语音数据集2-VCTK多人音频

VCTK

VCTK全称是Centre for Speech Technology Voice Cloning Toolkit (CSTR's VCTK Corpus),即语音克隆工具包。

1. 简介

数据是109 位英语母语人士（不同口音）。每位朗读大约 400 句子

大部分句子都是从《先驱报》(格拉斯哥)选出，外加一段彩虹段落 和一段方言识别段落。报纸部分，每人朗读不同句子，句子是用贪婪算法选择，最大限度地覆盖上下文和语音。彩虹段落和引出段落对所有发言人来说都是相同的。

1.1 《彩虹段落》（The Rainbow Passage）

语音语言学的经典文本段落，广泛用于语音研究、语言治疗、语音合成和语音识别等。该文本具有多样的语音特征和语言内容。
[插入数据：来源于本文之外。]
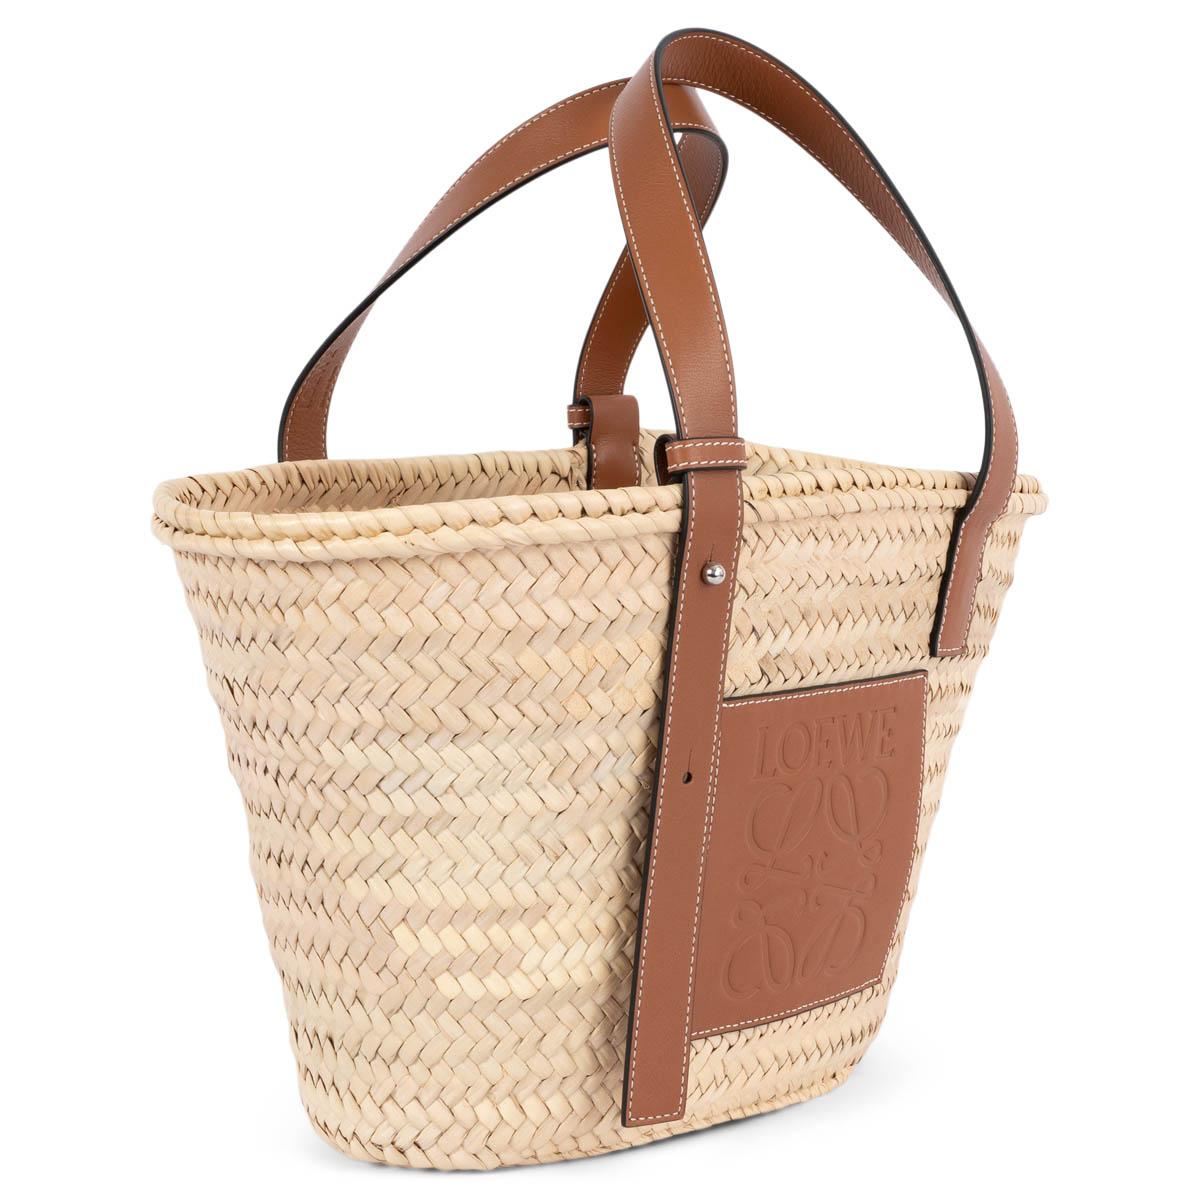 100% authentic Loewe basket medium tote in palm leaf and cognac brown calfskin with logo embossed front patch. Unlined. Has been carried once or twice and is in virtually new condition. 

Measurements
Height	24cm (9.4in)
Width	24cm

音素 - 包含了英语中广泛的音素（即语音的最小单位），包括元音、辅音以及它们的各种组合。
发音变化 - 句子结构和内容设计使说话者需要不同的发音模式，展现语音多样性。
语法: 段落包含了复杂的句法结构，如复合句和从句，有助于研究语音在不同语法环境下的表现。
词汇: 涵盖了多种词汇和表达，适合测试语言的流畅性和准确性。
内容: 涵盖彩虹相关自然现象、文化传说，历史解释、隐喻等。

段落原文：

txt 复制代码

When the sunlight strikes raindrops in the air, they act as a prism and form a rainbow. The rainbow is a division of white light into many beautiful colors.  These take the shape of a long round arch, with its path high above, and its two ends apparently beyond the horizon. There is , according to legend, a boiling pot of gold at one end. People look, but no one ever finds it.  When a man looks for something beyond his reach, his friends say he is looking for the pot of gold at the end of the rainbow.
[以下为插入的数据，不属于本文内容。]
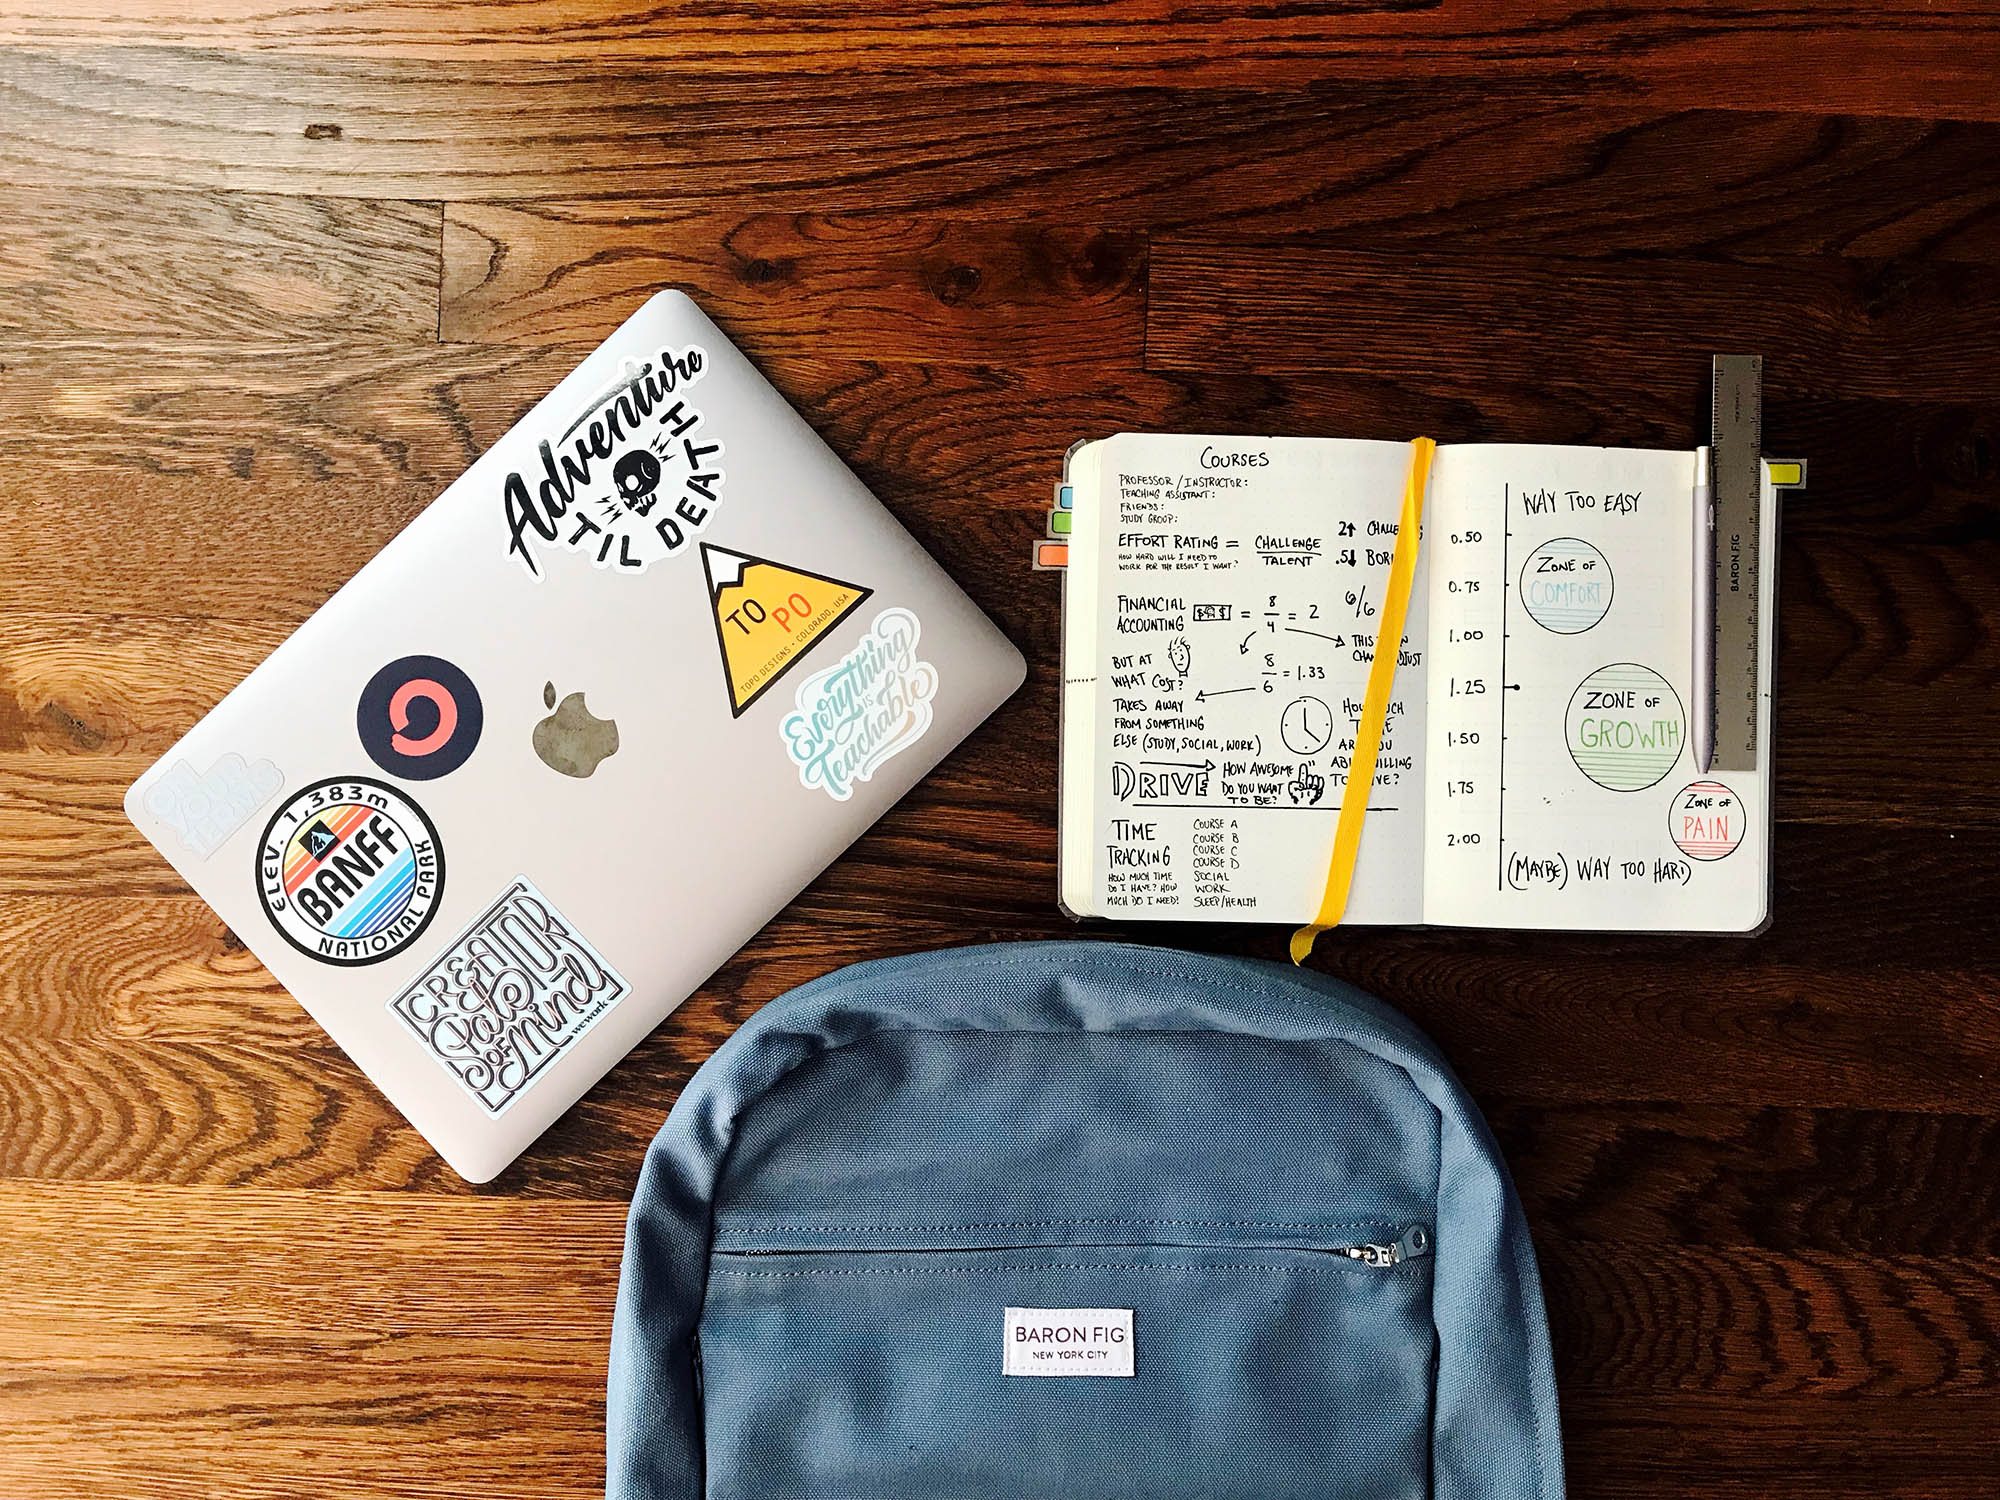 Laptop, journal and backpack - how to write a travel journal article

Throughout the centuries people have explained the rainbow in various ways. Some have accepted it as a miracle without physical explanation. To the Hebrews it was a token that there would be no more universal floods. The Greeks used to imagine that it was a sign from the gods to foretell war or heavy rain. The Norsemen considered
the rainbow as a bridge over which the gods passed from earth to their home in the sky.  Others have tried to explain the phenomenon physically. Aristotle thought that the rainbow was caused by reflection of the sun's rays by the rain. Since then physicists have found that it is not reflection, but refraction by the raindrops which causes the rainbows. Many complicated ideas about the rainbow have been formed.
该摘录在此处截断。